These inklings on writing have circled my desk and consumed my thoughts for a very long time. People often ask me writer-aspiring questions. Why do you write? How do you write? Can you teach me to write? 
I first started putting down my answers and thoughts on writing and sharing them out here as a blog. I quickly realized I have far too much to share to limit myself to a few paragraphs on each thought per blog. These concepts would resonate around in my writing brain all day, often getting in the way of real work until one day when I said, “fine let them pass through, write them down and get on with your writing!”
They quickly became my writing and have now transpired into an upcoming book – aptly titled Inklings On Writing.

I invite you to grow and challenge your own writing and please contact me to receive the early release information for this title due out this summer 2009. Thank you for asking the questions that inspired this affirming book on discovering the writer in you.

michelle@InklingsOnWriting.com

Warm regards,

Michelle Greysen

www.GreysenInk.com

http://twitter.com/GreysenInk

Author, Inklings On Writing
ISBN 978-0-9735549-2-2
forthcoming summer 2009

 
Posted By Michelle

          Having a talent to write, a desire, a schedule, a plan, some tools, and a place to write is just the prep work to actually sitting down and starting the task at hand of writing. Writing is the thoughts moving from your brain onto the paper in front of you. Not a finished product, not a work of art, and maybe not even fit for sharing, but process that eventually when routine sets in, has a beginning, middle and end. The beginning is the ‘getting the thoughts to come’ part of the job that once underway is in the past and forgotten but in the moment of a blank page can be a very intimidating fleeting career-killing ego-sinking experience. What if the thoughts don’t show up? After all you did your homework, got yourself to this point and are ready to finally write, so how does one make the thoughts appear?

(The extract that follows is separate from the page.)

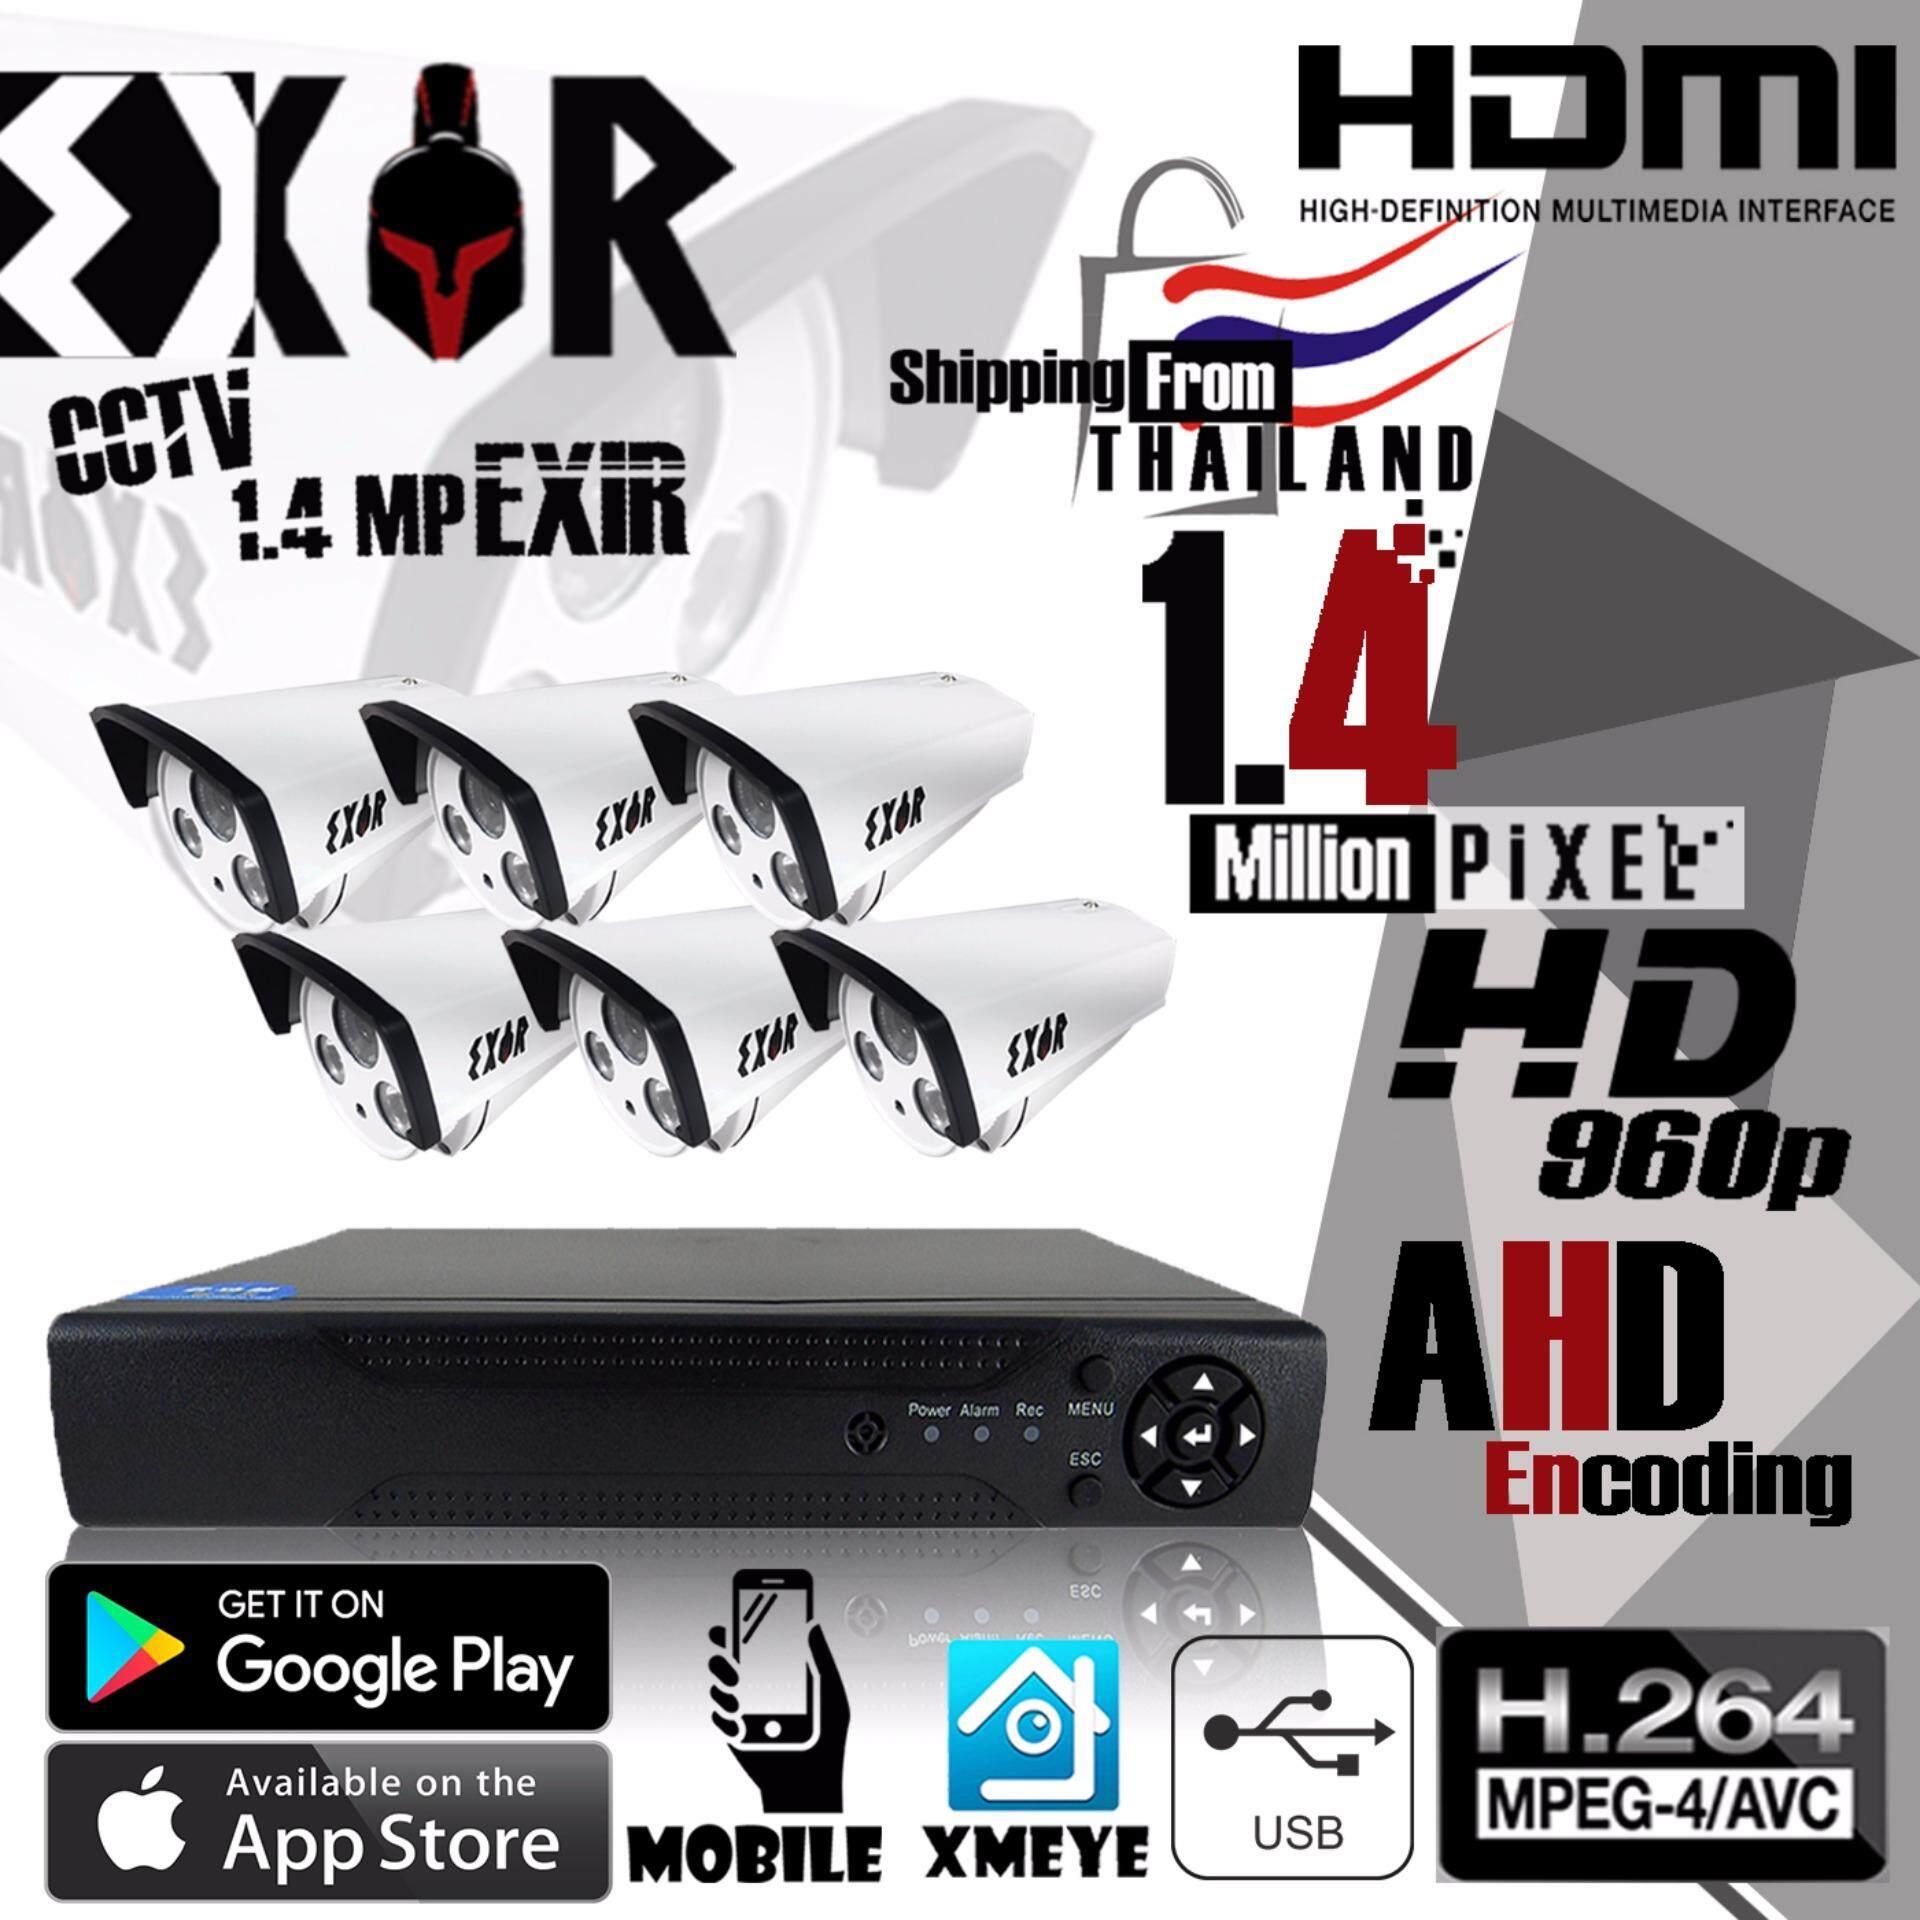 check ราคา ชุดกล้องวงจรปิด 1.4 MP ล้านพิกเซล ทรงกระบอก HD 960P เลนส์ 4mm กล้อง 6 ตัว และ เครื่องบันทึกภาพ 8CH DVR Digital Video Recording HD/Full HD / Waterproof ฟรีอะแดปเตอร์ และขายึดกล้อง ลดล้างสต๊อก

When you are faced with those panic moments of what was I thinking when I took on this story, remember to break it into small parts, sections of ideas from which to jot down related information to grow a future bigger story. Don’t overwhelm yourself with an enormous daunting project but rather enjoy the creative process one paragraph, one idea, on idea at a time. Don’t feel as if you have this great task ahead of you, rather set a goal for the next hour, how many words will you write, or pages, or a paragraph perhaps. Decide where you want your story to be in an hour and just go there, just see where the words take you. Stop at your pre-decided goal break, re-evaluate your goal, set a new one if you are ready, and carry on.

 Write and think and imagine in small scenes and settings and stop to write a snippet of the experience and eventually the parts will come together in the whole. Enjoy the process.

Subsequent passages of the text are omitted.